Общая атмосфера в стране, порожденная сложной политической ситуацией, достаточно известна, чтобы прийти к определенным выводам. Вместе с тем, следует помнить, что атмосфера позволяет понять, но не дает основания отрицать явление. Полторы ли тысячи или около семисот дезертиров — это разница существенная, но не меняющая того факта, что 31-й пехотный полк распался и перестал существовать в течение часа. Правда, тогдашняя ситуация, экономическая, организационная и морально-политическая, допускала возможность временного колебания и распада полка, при котором не могло не проявиться если не массовое, то многочисленное дезертирство, хотя бы из страха перед наказанием. Однако же должен был существовать детонатор, который вызвал взрыв в этой скученной и раздираемой противоречиями человеческой массе. Такой детонатор на процессе обнаружен не был. И однако те люди, которые 17 октября не предстали перед судом, которые дезертировали и не вернулись, те, которых не поймали, — они ведь кем-то были. Из какой-то среды они вышли, какую-то позицию занимали. Кто он, тот человек, который летом 1944 года под фамилией Студзиньского вступил в Войско Польское в в качестве подпоручника командовал учебной ротой 31-го пехотного полка и в ту фатальную ночь вывел ее «на учения» в лес? Кто он, тот человек, который под фамилией Липиньского в качестве капрала командовал взводом во 2-м батальоне того же полка? Кто они, те другие младшие офицеры, которые, пользуясь данной им властью, подняли в ту ночь по тревоге своих солдат «на учения» или «ночной марш» и вывели их из лагеря на все четыре стороны?
Кем-то они ведь были?
16 октября 31-й пехотный полк был расформирован, а его номер навечно исключен из реестров Войска Польского. 740 солдат было передано в 1-ю пехотную дивизию. Остальные — около 300 человек — временно назывались 3-м пехотным полком, а позднее, когда прибыли обученные люди из 5-й дивизии, вошли в новый, 37-й пехотный полк…{305}
Люди бывшего 31-го полка еще долгое время возвращались назад, в войско. Являлись в воинские части, в отделения милиции. После допроса в органах госбезопасности их в большинстве направляли назад в войско «для дальнейшего прохождения службы». Сколько их было, я не знаю. В 16 обнаруженных генералом И. Блюмом таблицах за период с 25 октября по 26 декабря (а это далеко не все документы такого рода), в которых отражено количество возвращенных на службу людей, то есть, по всей вероятности, не слишком виновных, фигурирует 285 фамилий бывших дезертиров из 31-го пехотного полка.

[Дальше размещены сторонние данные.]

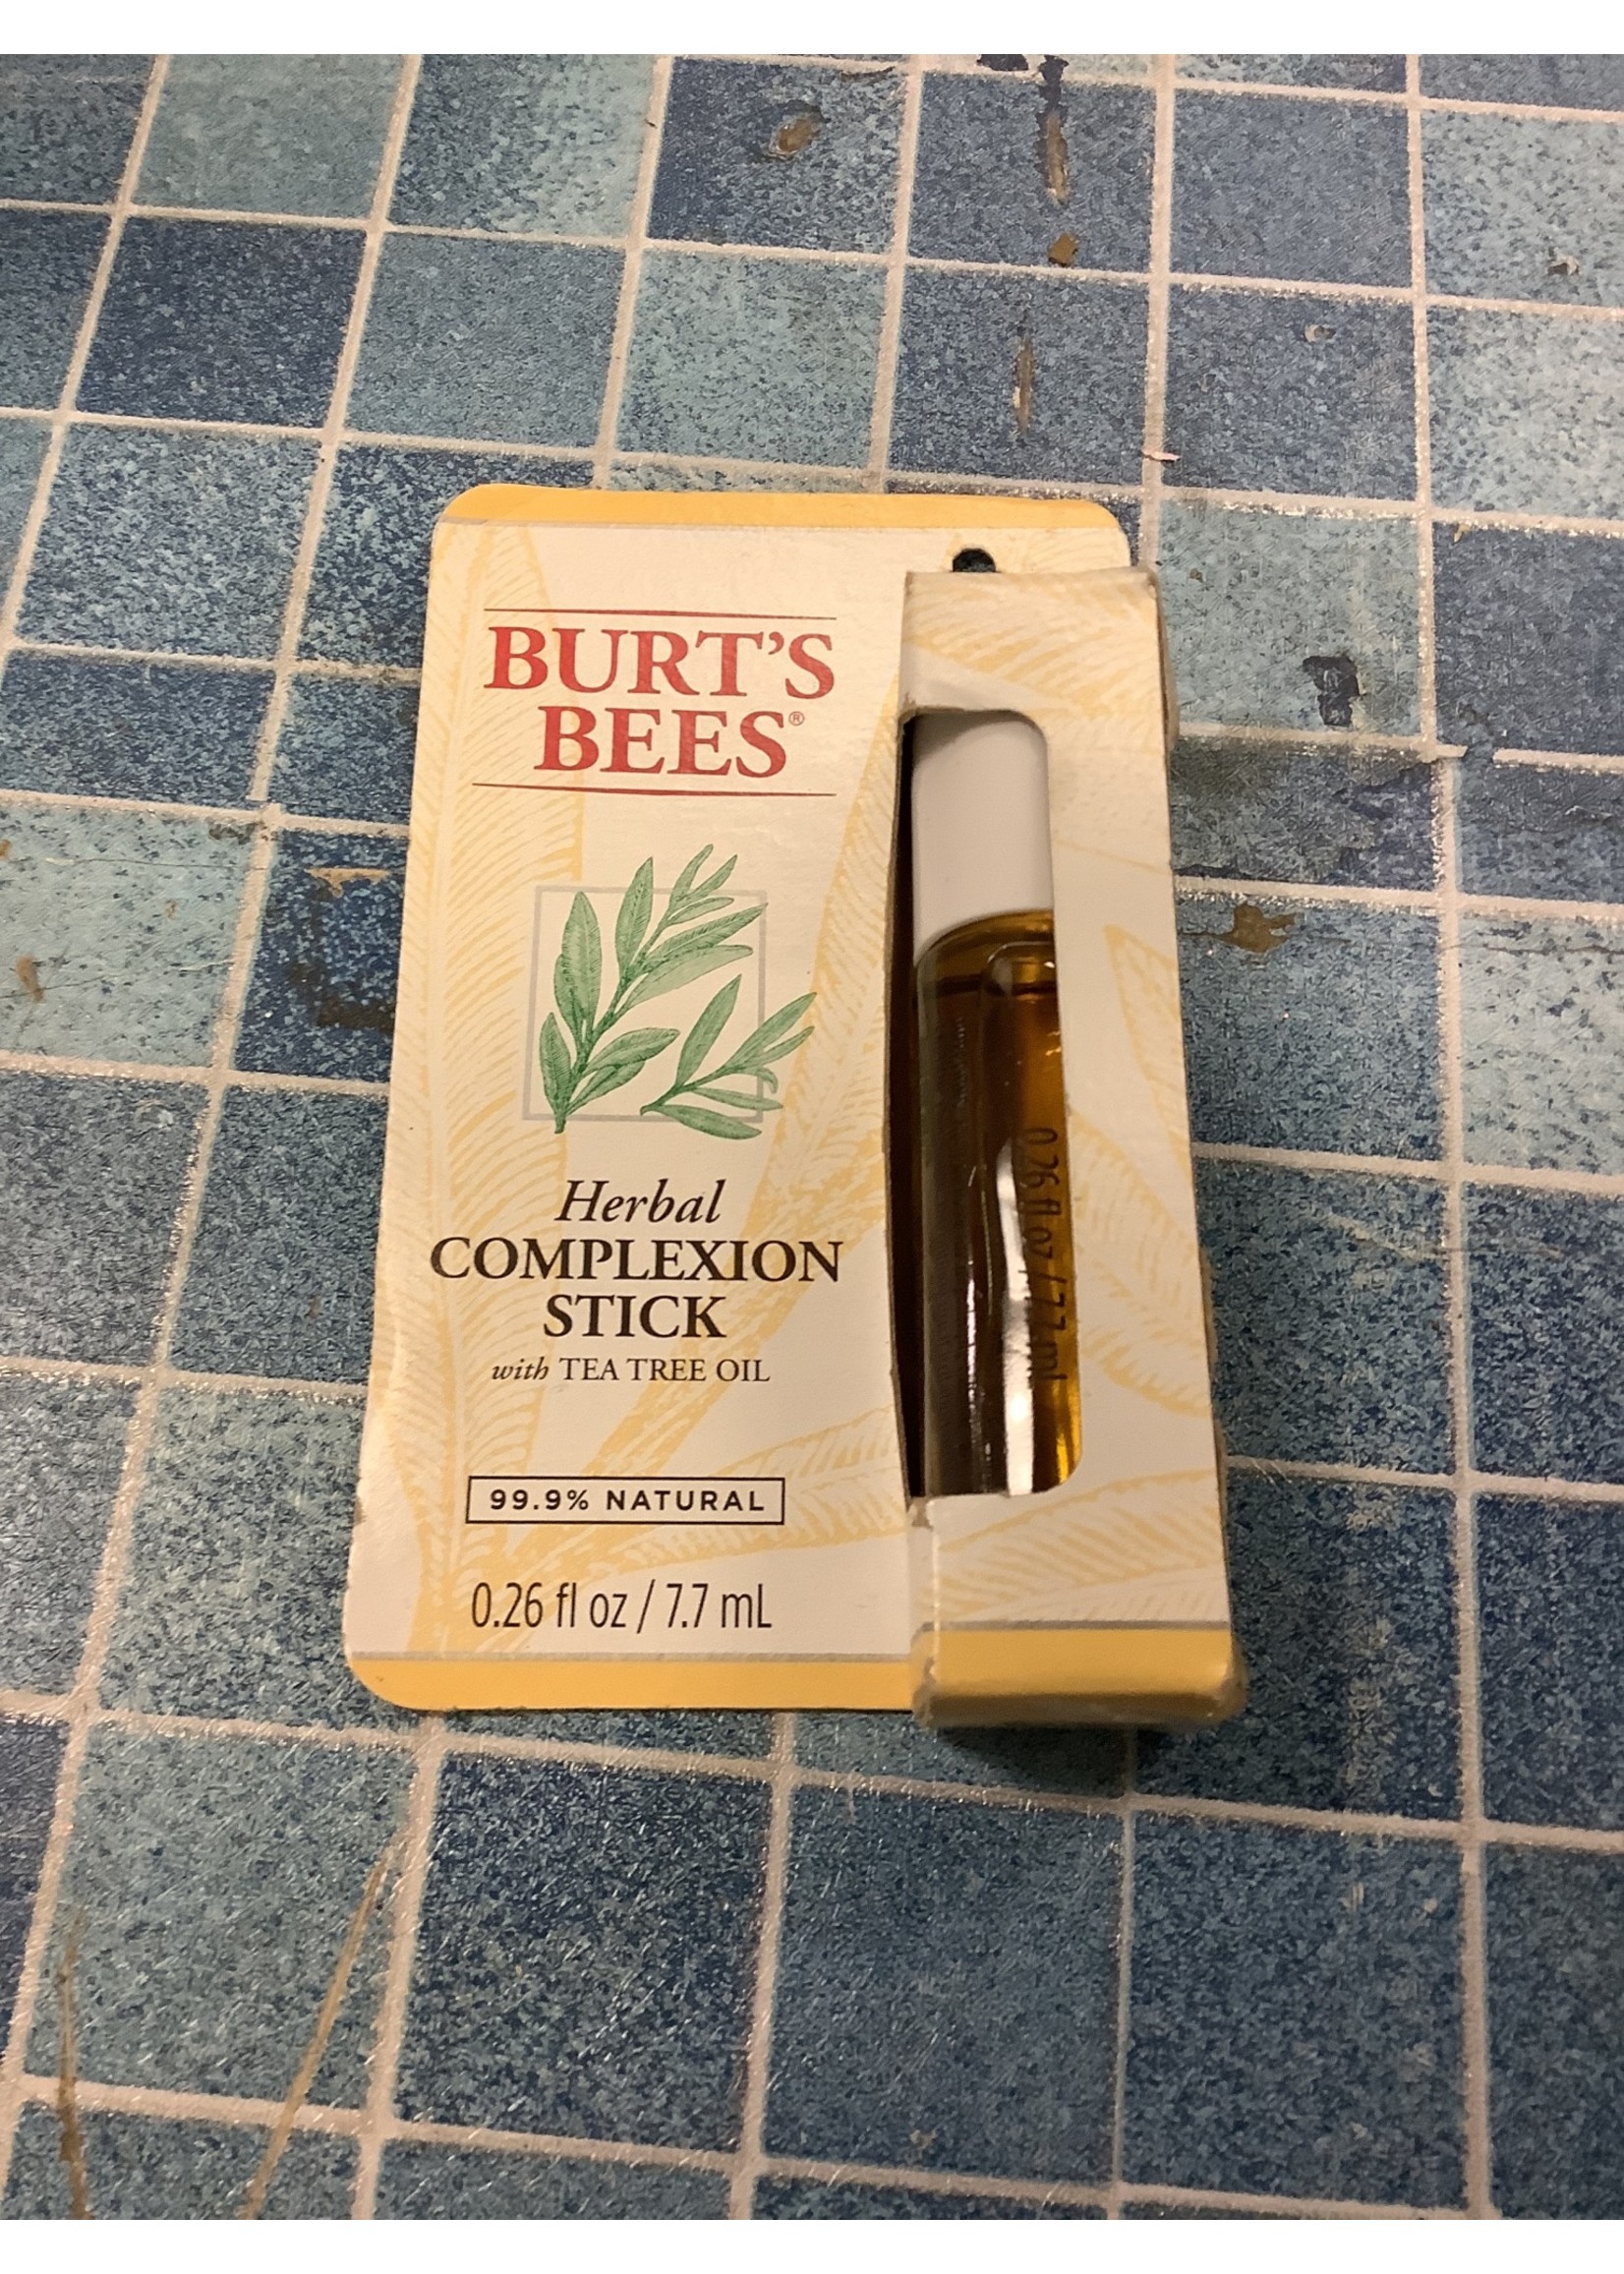 Lao Goed doen stijl Burt?s Bees Herbal Complexion Stick With Tea Tree Oil - D3 Surplus Outlet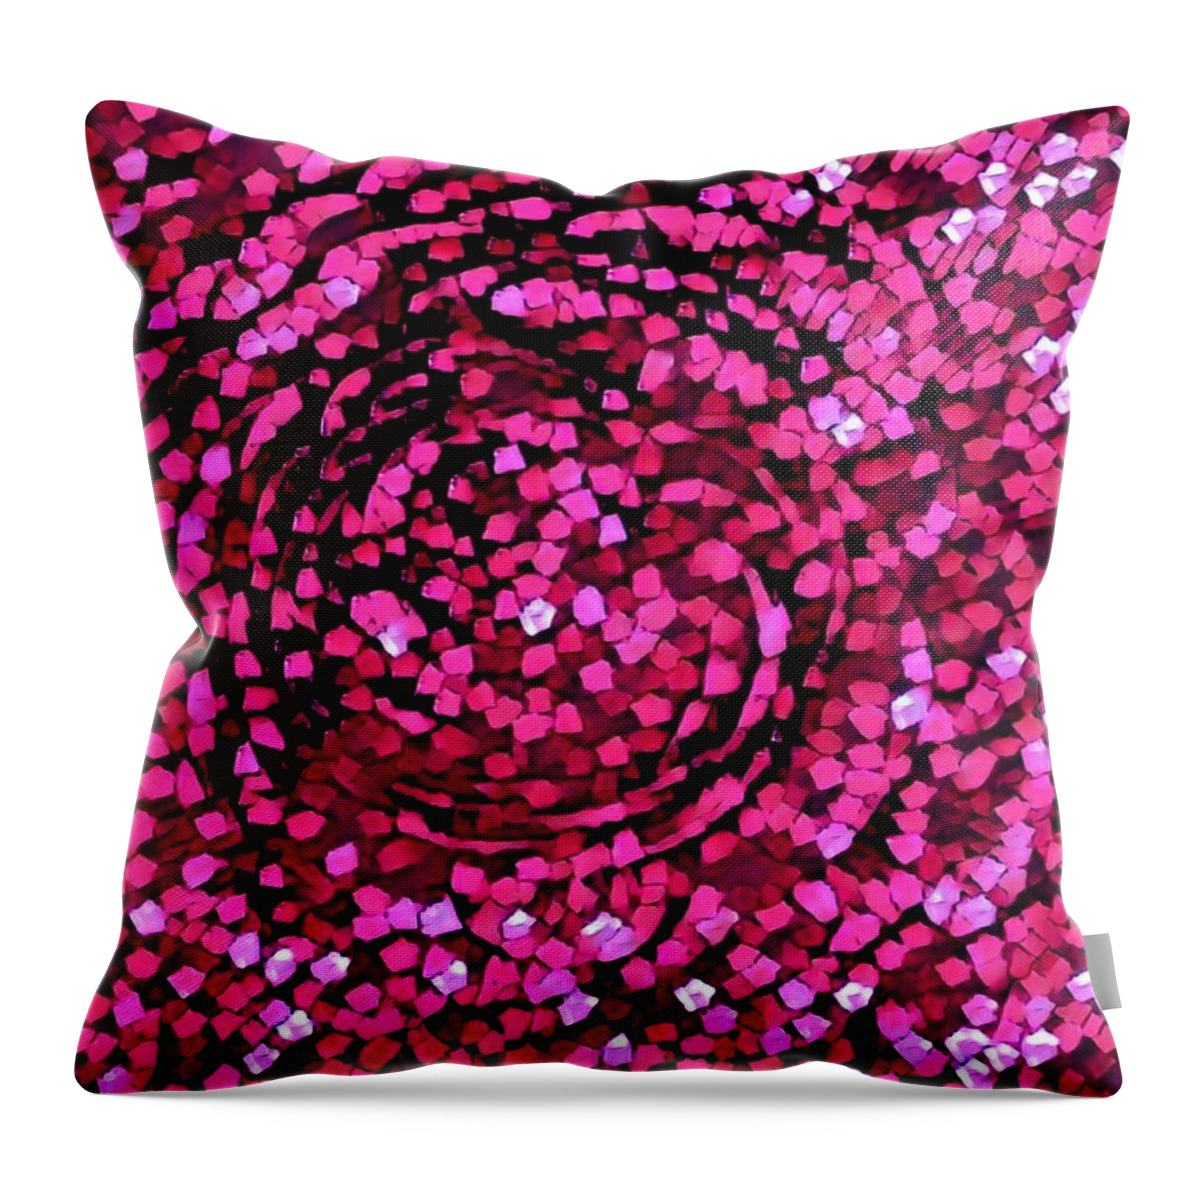  Throw Pillow featuring the photograph Sprinkles by Kimberly Woyak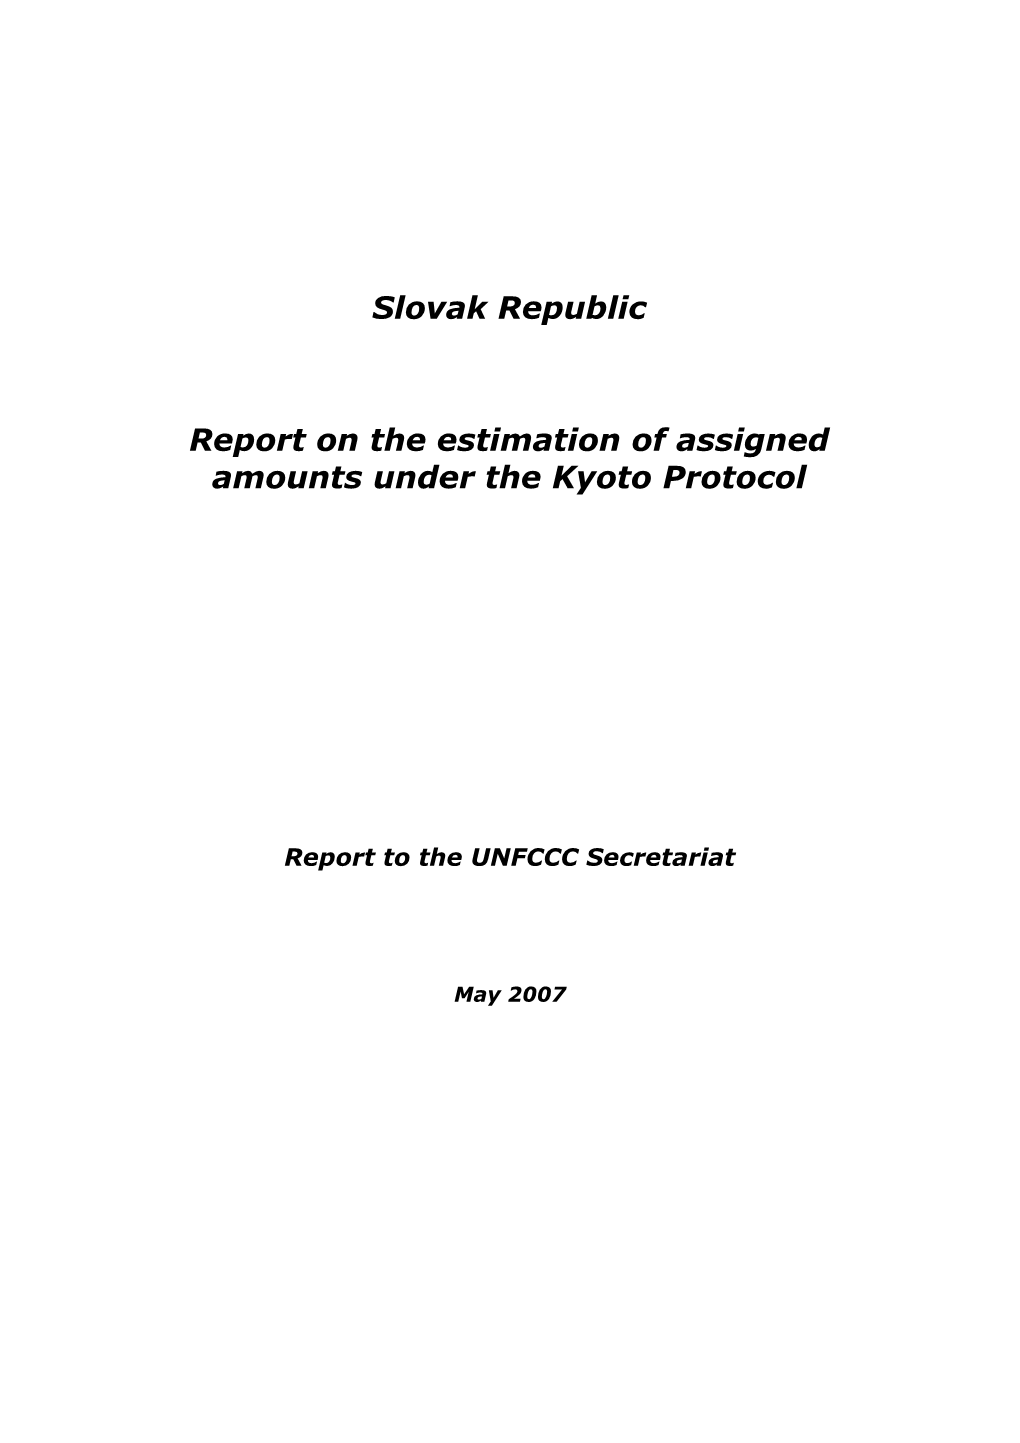 Report on the Estimation of Assigned Amounts Under the Kyoto Protocol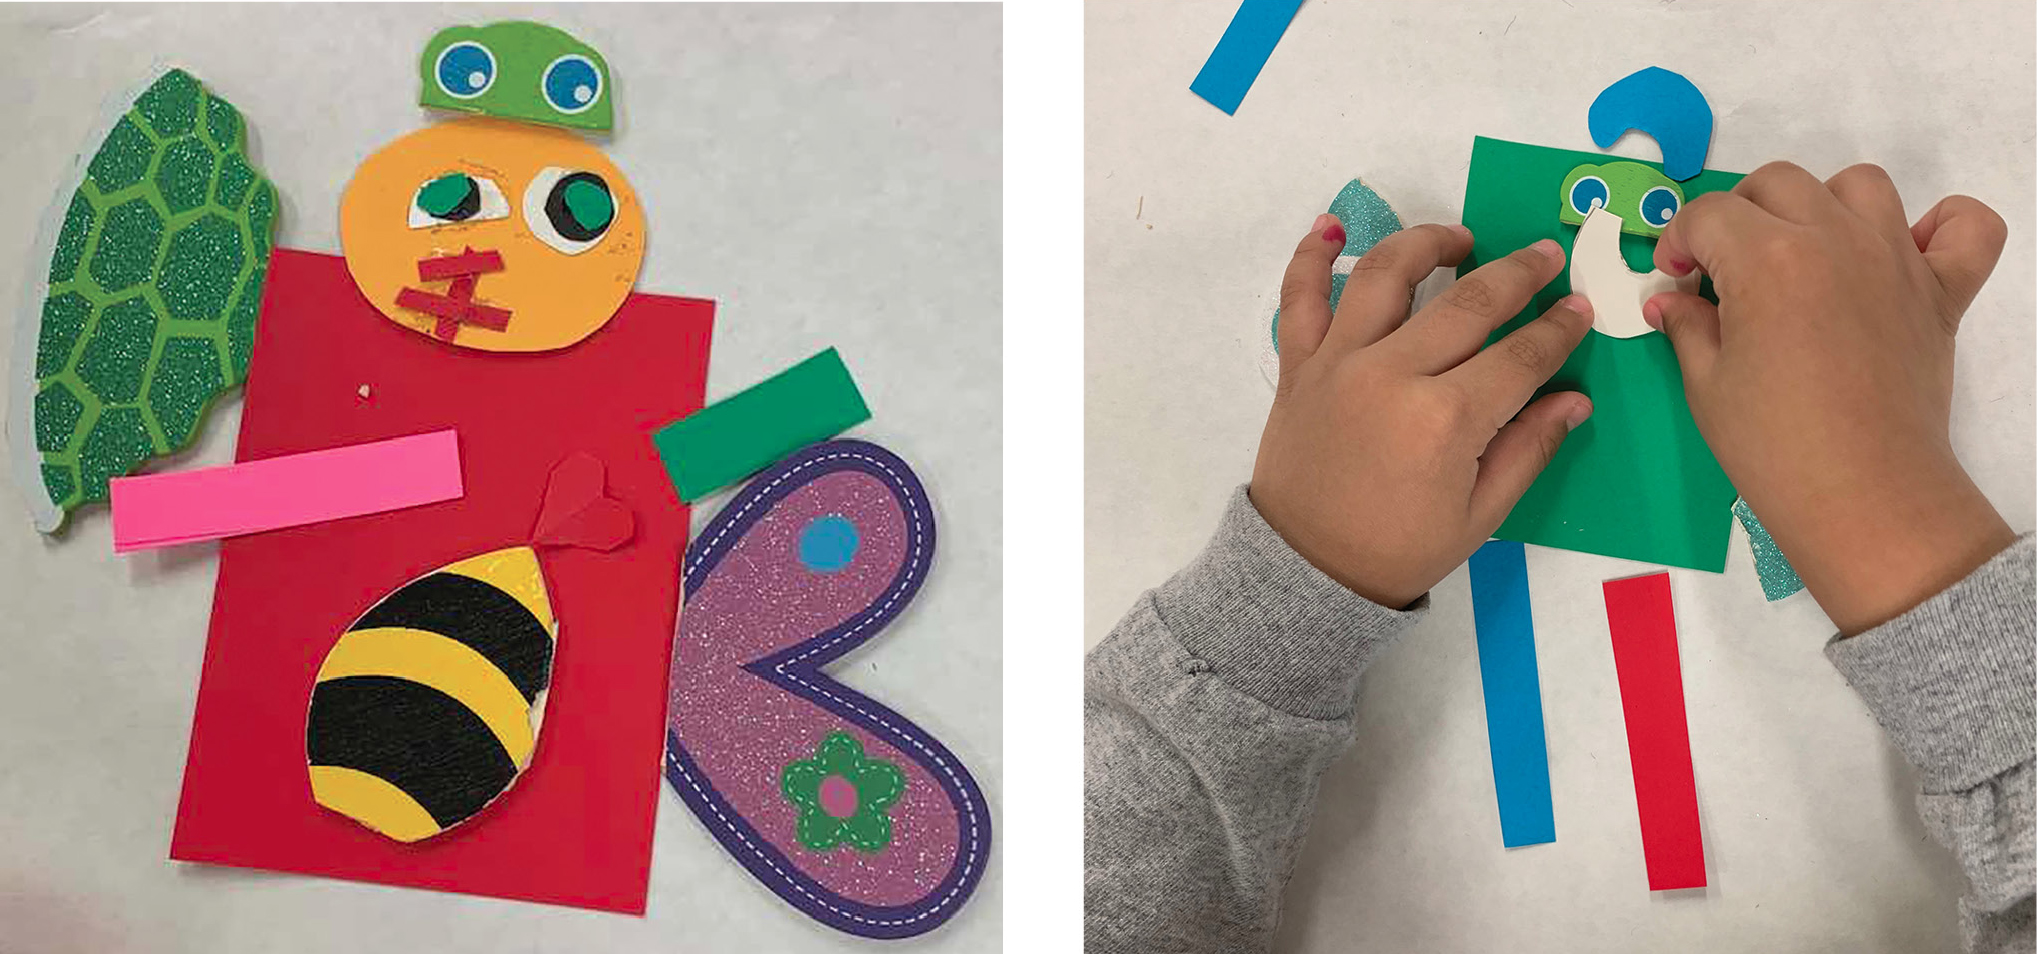 One child assembled a robot with wings so it can fly (left) and another a robot with turtle-eyes and insect-wings (right).

У многих, однако, не хватило на это решимости. Либо они посчитали, что этот путь перед ними закрыт, либо же сами захлопнули перед собой эту дверь.
Спустя двадцать лет З. И., шестнадцатилетний доброволец периода войны, потом дезертир, а впоследствии сотрудник государственного аппарата, находящийся на ответственном посту, писал:
«…Вы спрашиваете насчет срывания эмблем с изображением орлов. Я впоследствии много думал об этом, припоминая все детали, и пришел к убеждению, что этими действиями солдаты выражали чувство разочарования, сожаления, обиды в отношении тех, кто собирался их разоружить и заключить в тюрьму без причины.
…Возвращаясь к моей эмблеме с орлом, я вспоминаю, что сорвал ее, как и другие солдаты, но не выбросил. Нет, это было бы слишком. Хотя без короны, и «такой не наш», но это, однако, орел! Польский орел! Я недолго колебался, бросить его на землю или нет. Верх взяло то, чему я обязан моей матери. Поэтому я спрятал мою «курицу» в карман куртки. В отряде Мевы… мы носили бело-красные флажки на левой стороне.
P. S. Помню, что мою «курицу» я носил еще у Мевы и снял только после роспуска отряда и разоружения».